島根県 隠岐諸島 知夫村(ちぶむら)
熊森顧問の研究者から 「トタン設置が一番安く、効率的」 
(2008年1月4日)
知夫村タヌキ駆除に関する経緯はこちら(2007年12月28日掲載)

タヌキによる被害防除法(2008年1月9日掲載)

島根県 隠岐諸島 知夫村(ちぶむら)
人間が持ち込んだタヌキ、年明けに大量駆除再開 

熊森顧問の研究者から 「トタン設置が一番安く、効率的」2008年1月4日(金) 

島根県の知夫村で、1941年に、もともと島にいなかったタヌキのつがいを人間が持ち込んだ結果、自然繁殖し、個体数が2000頭に増えて農業被害が起こるようになり、村が年明けに大量駆除に乗り出すことになりました。
タヌキは現在も村おこしに利用されており、一時は村が餌付けに取り組んだこともあります。
 タヌキの捕殺以外の有効な被害防除対策について、熊森顧問の研究者の先生に伺いました。

(以下、先生の話)
●タヌキは全国的に、人間による自然の乱開発や疥癬で減っています。
知夫村は、野生のタヌキがたくさん生息しているという意味で貴重な場所です。知夫村では天敵がいないためにここまで増えましたが、いつまでも増え続けるわけではなく、数が頂点に達したら、次第に減ってきます。
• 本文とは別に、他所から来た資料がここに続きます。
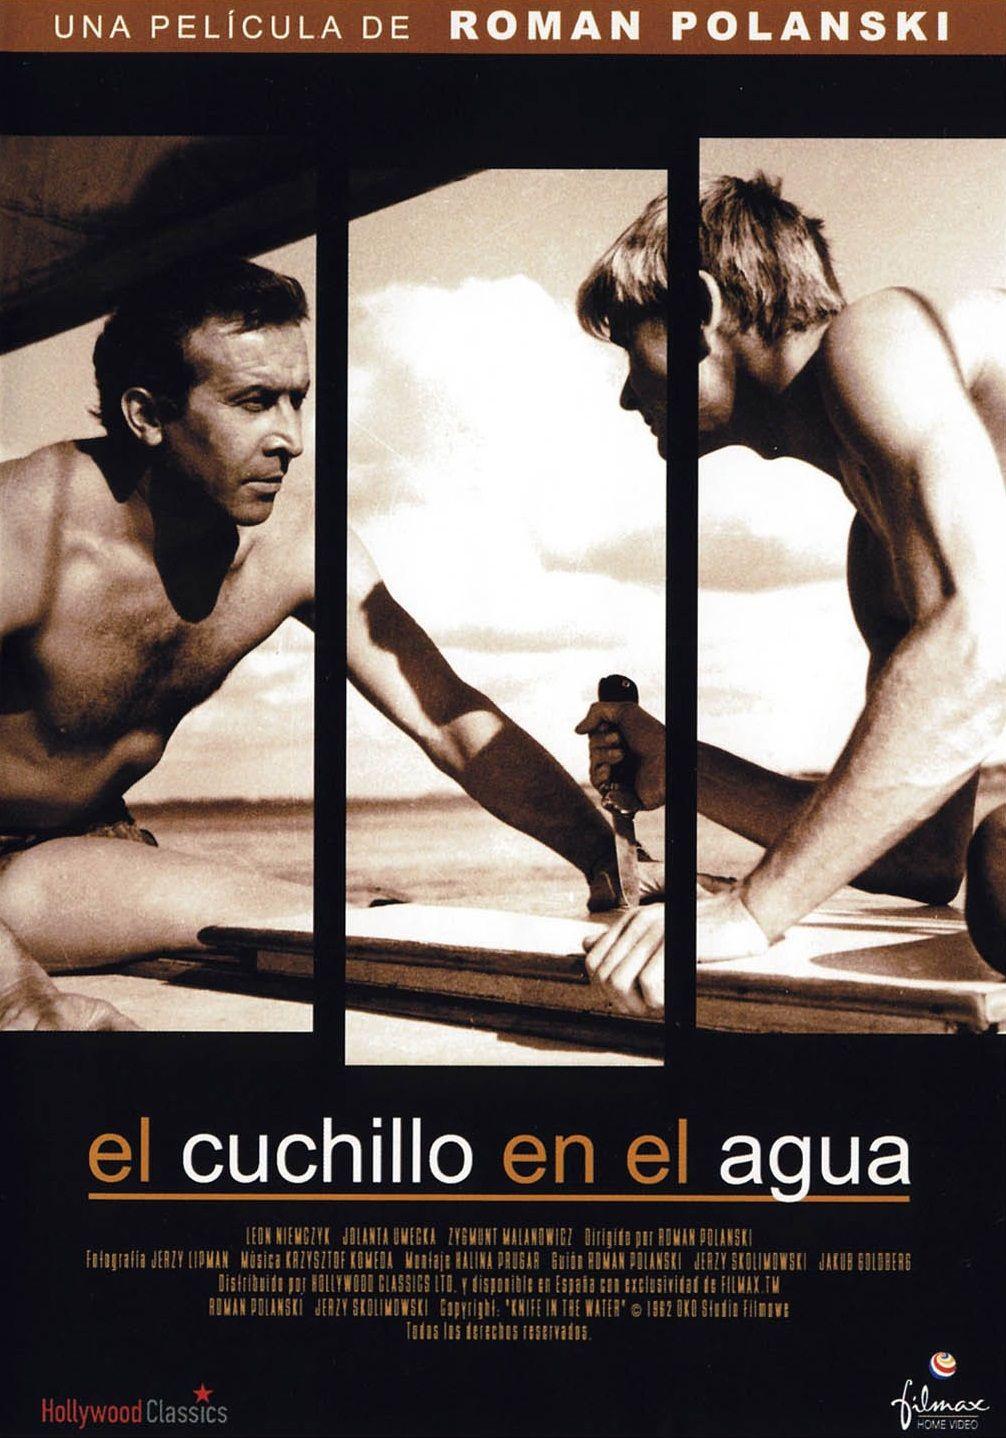 El Cuchillo En El Agua 1962 Polonia Dir Roman Polanski Drama Thriller Dvd Cine 568 Sinopse Iate Filmes

●全国的に、昔はどこの家でもトタンで農作地を囲っていました。野生動物と同じ地域で住むためには、それが当たり前のことでした。知夫村では家庭菜園が多く、被害補償は出ないし、あまり高い費用をかけることはできません。トタンを農作地の周りに設置するのが、一番費用がかからず、効率的な防除方法です。もちろん完璧にタヌキによる被害を防ぐことはできませんが、どのような方法でも、ある程度は仕方がありません。

・トタンは、高さが50cmくらいになるよう設置する。またタヌキは穴を掘るので、地面の下にはめこむ部分が必要。
・費用は1件につき3〜4万円だが、解体業者に頼んだら廃材を提供してもらえる可能性がある。
・ほかの地域では、シカの防護ネット設置を緊急雇用対策で実施していた。村でも、行政がタヌキを導入した責任をとって、トタンの設置費用は行政が出してはどうか。
・トタンは先が尖っているから、タヌキはジャンプしない。薄っぺらいものは超えられないだろう。網は噛み切って入ってくるので、効果はない。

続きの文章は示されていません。